HOW TO COMPLETE THIS TASK: In the records below, begin at the line that has "Из-за опасности мощнейших" and stop after the line that has "ストリングスの音色のポップスの再生済みの波形"; quote those lines verbatim and nothing more.

INPUT MATERIAL:
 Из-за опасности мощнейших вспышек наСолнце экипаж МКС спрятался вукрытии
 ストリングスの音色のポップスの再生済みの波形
---
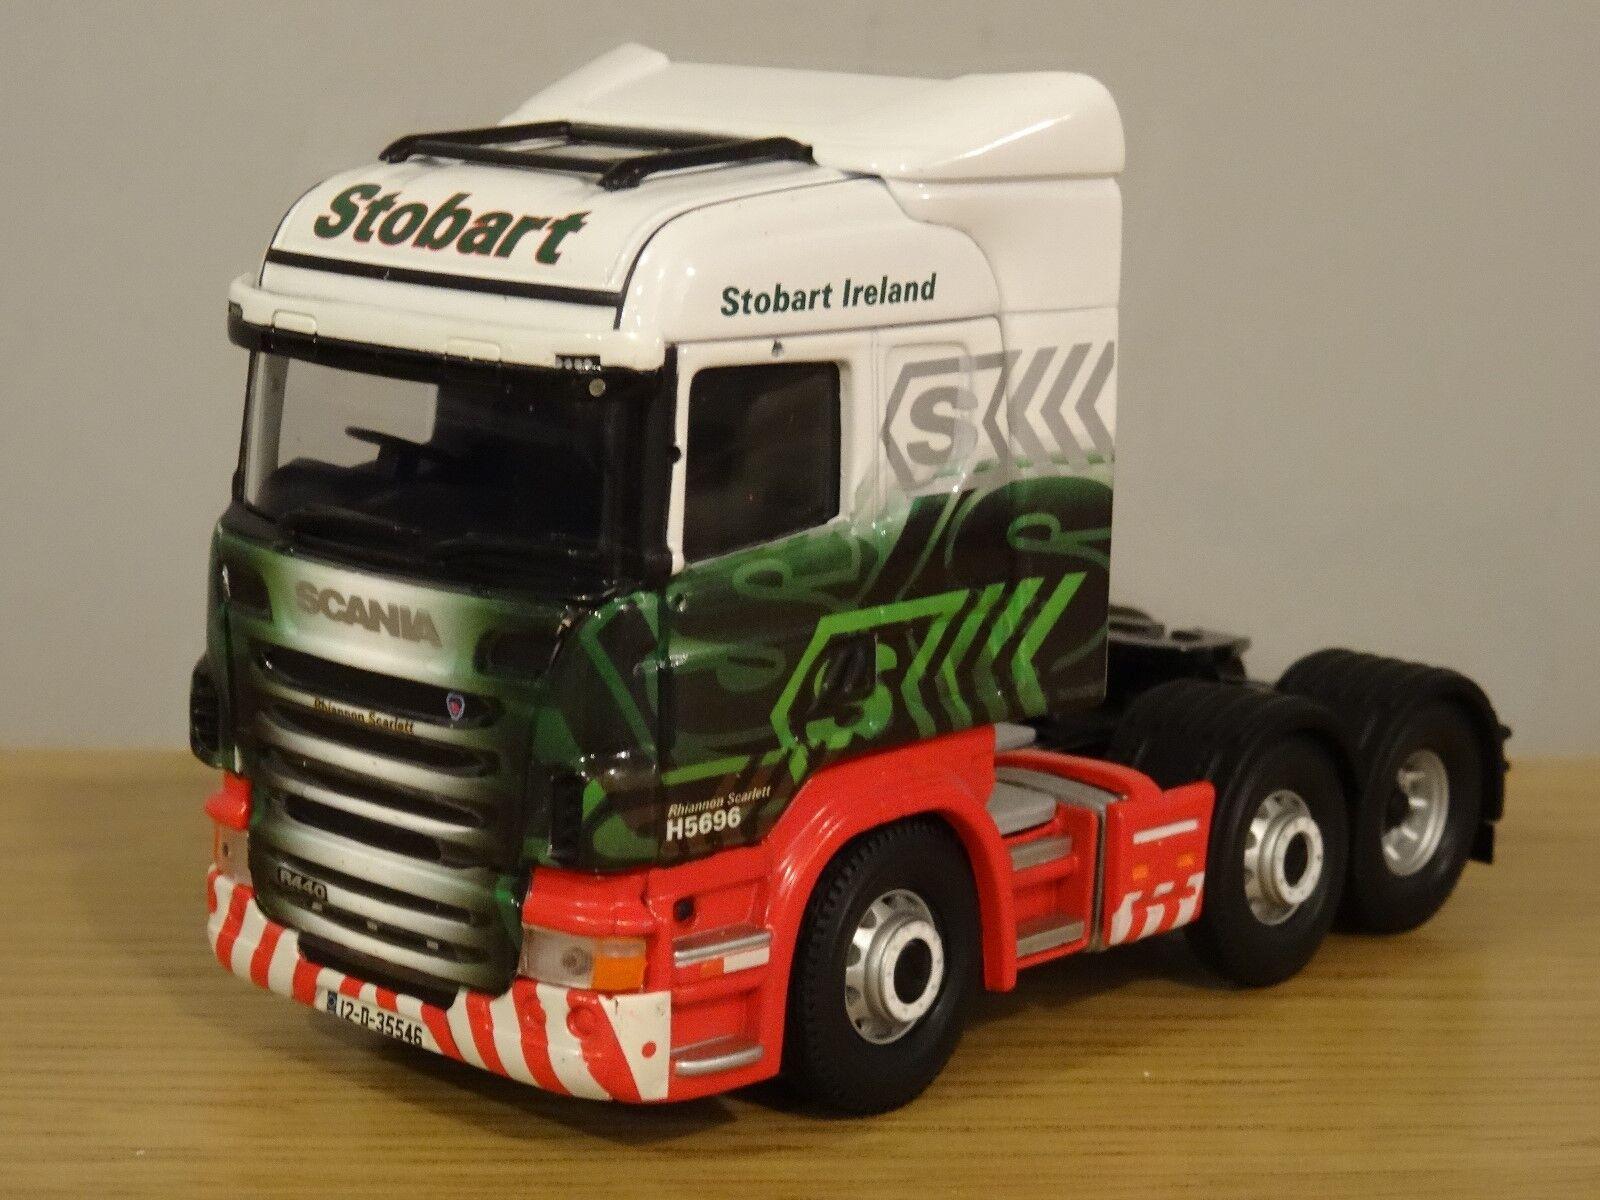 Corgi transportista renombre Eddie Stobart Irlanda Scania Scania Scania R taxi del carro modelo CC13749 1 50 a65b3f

EXERCISE RESULT:
 Из-за опасности мощнейших вспышек наСолнце экипаж МКС спрятался вукрытии
 ストリングスの音色のポップスの再生済みの波形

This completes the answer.